# WHAT THIS TASK INVOLVES:
Apart from the pictures, everything in the lines below must be printed exactly.

# AVAILABLE DATA:

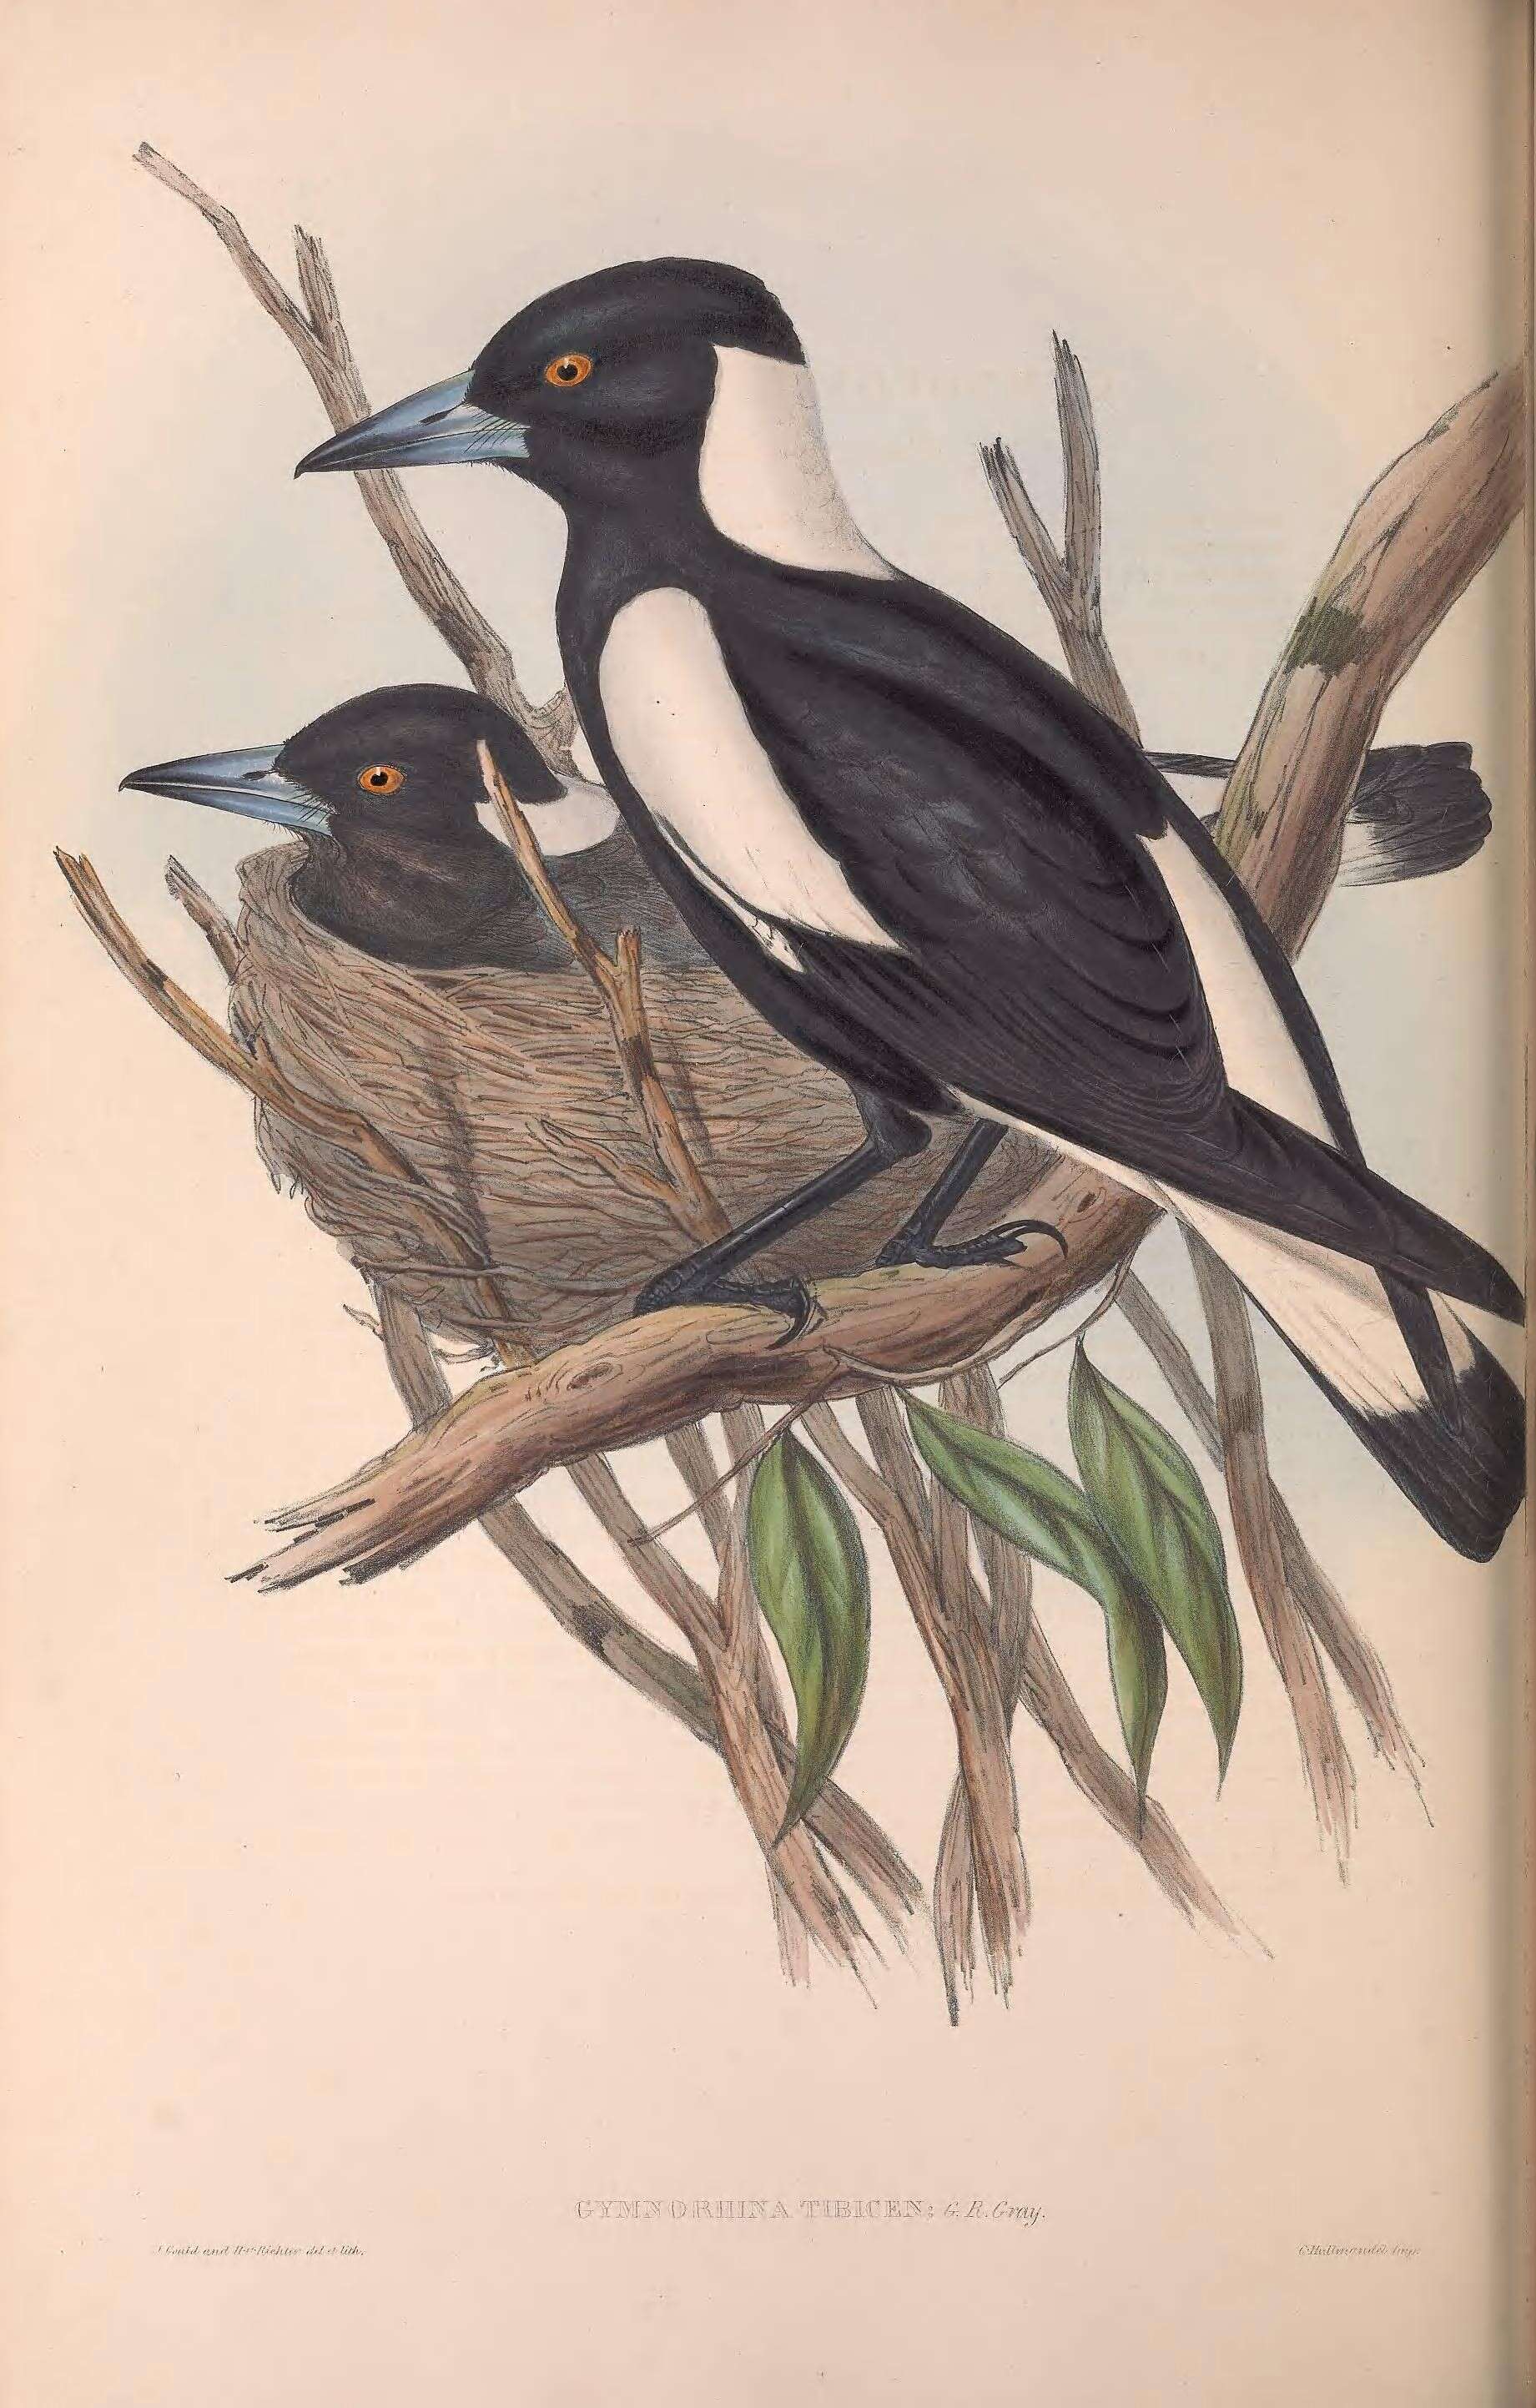 Image of Gymnorhina Gray & GR 1840
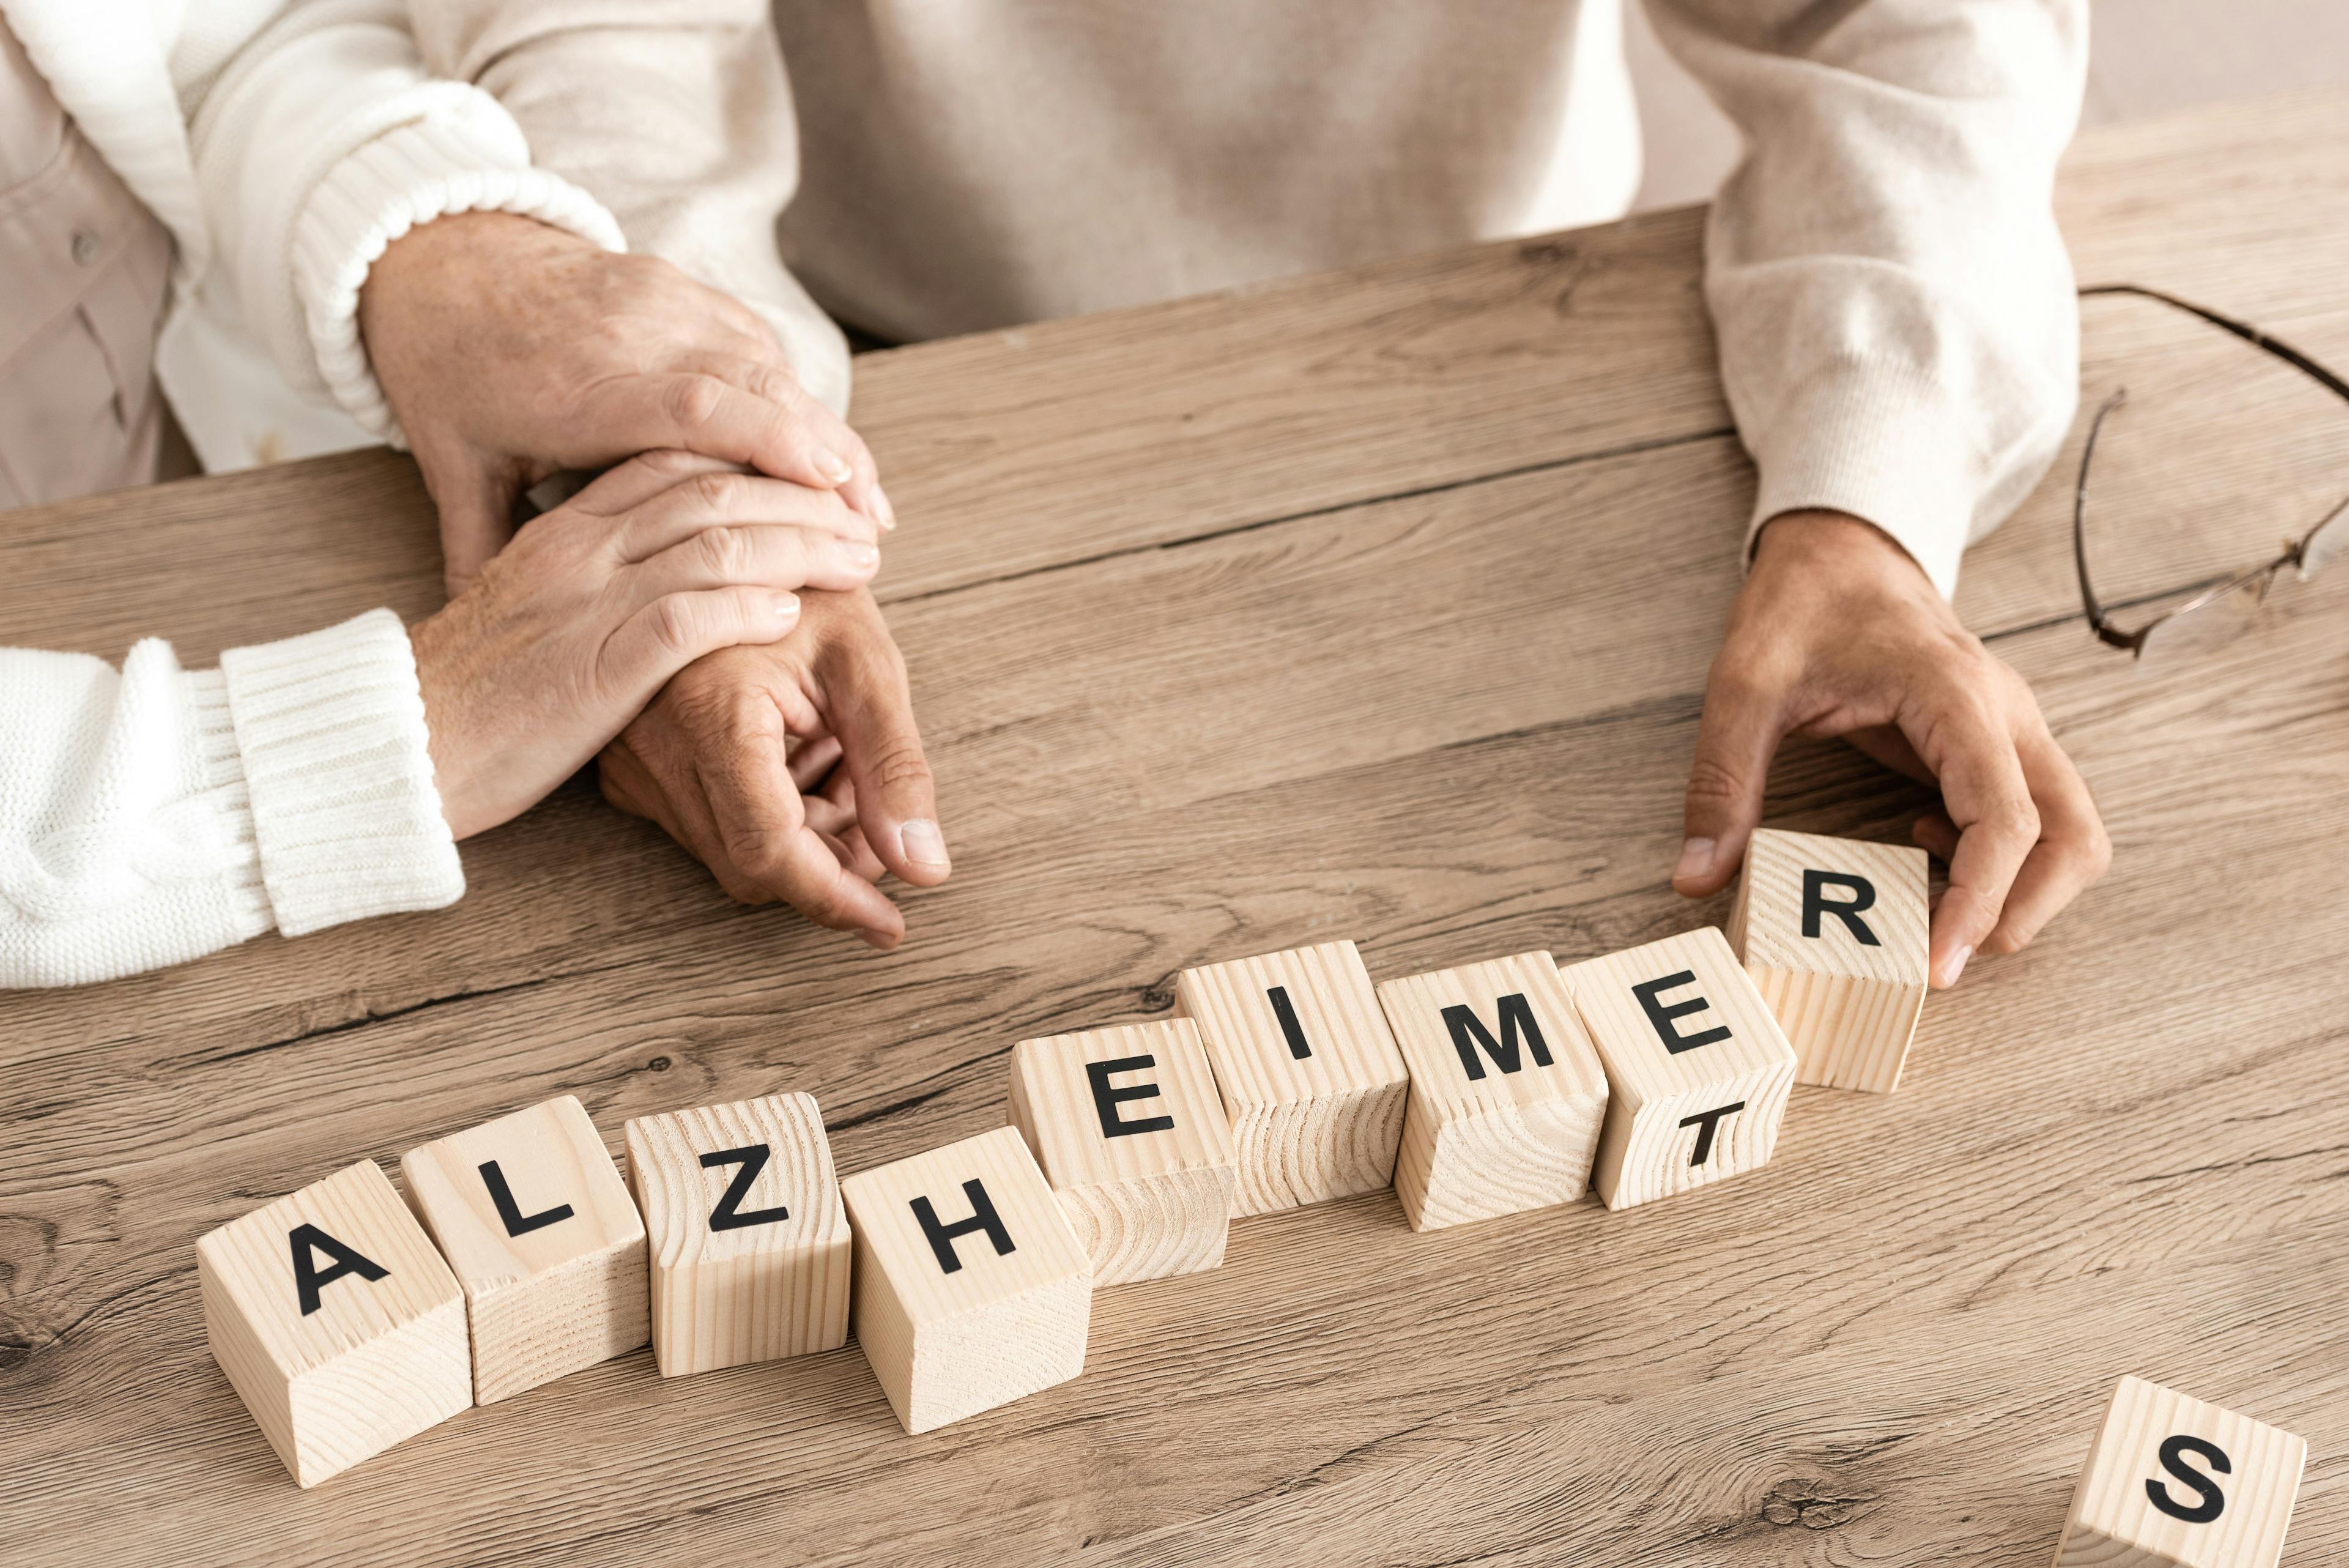 'Alzheimer' spelled in wooden blocks / LIGHTFIELD STUDIOS - stock.adobe.com
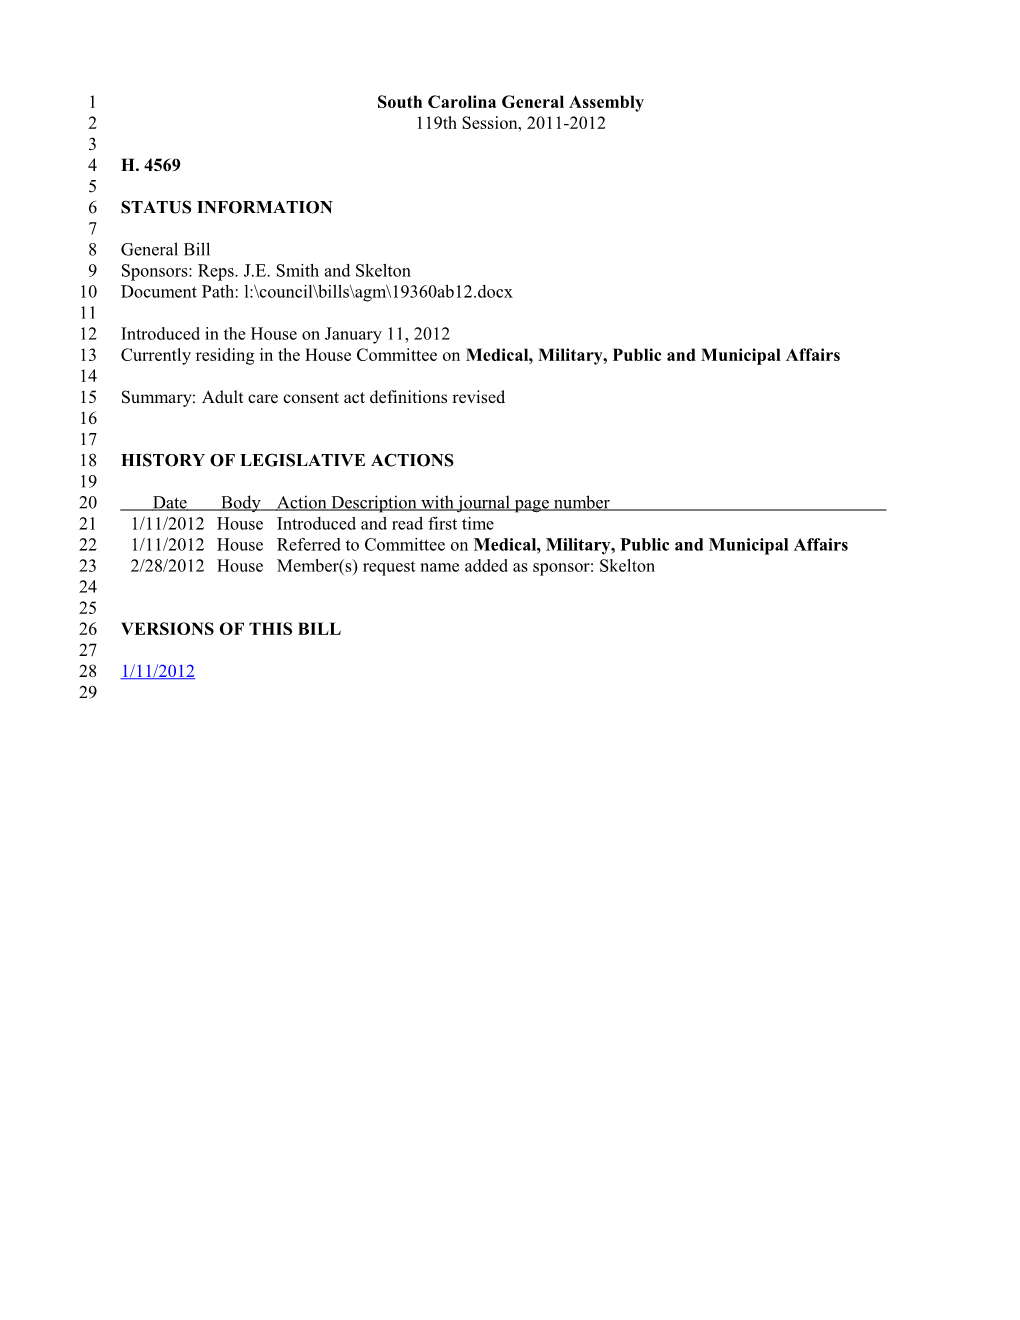 2011-2012 Bill 4569: Adult Care Consent Act Definitions Revised - South Carolina Legislature

# ANSWER TO THE PROBLEM:
 Image of Gymnorhina Gray & GR 1840
 'Alzheimer' spelled in wooden blocks / LIGHTFIELD STUDIOS - stock.adobe.com
 2011-2012 Bill 4569: Adult Care Consent Act Definitions Revised - South Carolina Legislature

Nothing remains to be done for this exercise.